Tam 69 yıl önce 20 Ağustos 1937 tarihinde Gazi Mustafa Kemal Atatürk, "Kutsal Toprakların emperyalizm oyun sahası olmasına izin verilmeyecektir" diye haykırırken, bugün Türkiye'de emperyalizmin en büyük kozlarından olan hurafe altın çağını yaşıyor. Yani Gazi yıllar öncesinden Türk Milletini uyumamaya çağırırken, birileri ısrarla bu milleti uyutmaya gayret sarf ediyor..

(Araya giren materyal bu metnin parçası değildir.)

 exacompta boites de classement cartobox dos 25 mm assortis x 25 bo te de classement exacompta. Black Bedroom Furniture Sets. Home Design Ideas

Bir yanda Ortadoğu'nun, bir yanda yurdum ormanlarının, bir yanda hava sıcaklığının cayır cayır yaktığı Türkiye'de hurafe yangını da aldı başını gidiyor. Bir yanda orman yangınını Meryem Ana'nın mı, Sultani Baba'nın mı söndürdüğü tartışılırken, diğer yanda kimi yazarlar durumdan vazife çıkarıp, - ’Mucize’den yararlanmak gerek! - diyerek hurafeyi ticari yatırıma dönüştürmeyi önerebiliyor. (Aynı teklif karşı görüşte bir yazar tarafından başka bir din adına önerildiğinde irtica kıyameti kopartılıyor o da ayrı bir konu)
Ankara’da Milli Arşiv’de 030 10 266 793 25 numaralı dosyada bulunan belgede, Mustafa Kemal’in Kutsal Topraklar’la ilgili vasiyetini içeren Meclis konuşmasının tam metni yer alıyor. Bu önemli belgeyi geçtiğimiz günlerde Dünya Gündemi ve Tercüman gazetesi gündeme getirmiş, biz de sizlere aktarmıştık....
Ancak bugün bu vesile ile Gazi'nin o gün yaptığı konuşmayı önemine binaen bir kez daha tam metin olarak yayınlıyor, aydınlanma ve ayaklanma çağrısına bir kez daha dikkat çekiyoruz.
Gerisini size kalmış. İster uyumaya devam eder, hurafelerden beslenir, yangını kimin söndürdüğünü tartışırsınız, ister Kutsal toprakların yanmaması için yıllar öncesinden bu ayaklanma çağrısına kulak verirsiniz..
İşte Atatürk'ün tarihi konuşmasının tam metni:
“Arapların Avrupa siyasetine nüfuz edemeyip bu sözde istiklal kelimesine inandıkları ve bu uğurda Arap memleketlerini Avrupa emperyalizmine esir kıldıkları çok şayanı teessüftür. Arapların arasında mevcud olan karışıklığı ve hoşnutsuzluğu kimse bizim kadar bilemez. Biz vakıa birkaç sene Araplardan uzak kaldık. Fakat şimdi kendimize kafi derecede güvenip ve kudretimizi bildiğimiz için İslamiyet’in mukaddes yerlerinin Musevilerin ve Hıristiyanların nüfuzunun altına girmesine mani olacağız.”
“Binaenaleyh şunu söylemek istiyoruz ki; buraların Avrupa emperyalizminin oyun sahası olmasına müsaade etmiyeceğiz. Biz şimdiye kadar dinsiz ve İslamiyet’e lakayt olmakla ittiham edildik. Fakat bu ittihamlara rağmen Peygamber’in son arzusunu yani, mukaddes toprakların daima İslam hakimiyetinde kalmasını temin için hemen bugün kanımızı dökmeye hazırız. Cedlerimizin, Selahaddin’in idaresi altında, uğrunda Hıristiyanlarla mücadele ettikleri topraklarda yabancı hakimiyet ve nüfuzunun tahtında (altında) bulunmasına müsaade etmiyeceğimizi beyan edecek kadar bugün, Allah’ın inayeti ile kuvvetliyiz. Avrupa bu mukaddes yerlere temellük etmek için yapacağı ilk adımda bütün İslam âleminin ayaklanıp icraata geçeceğine şüphemiz yoktur.”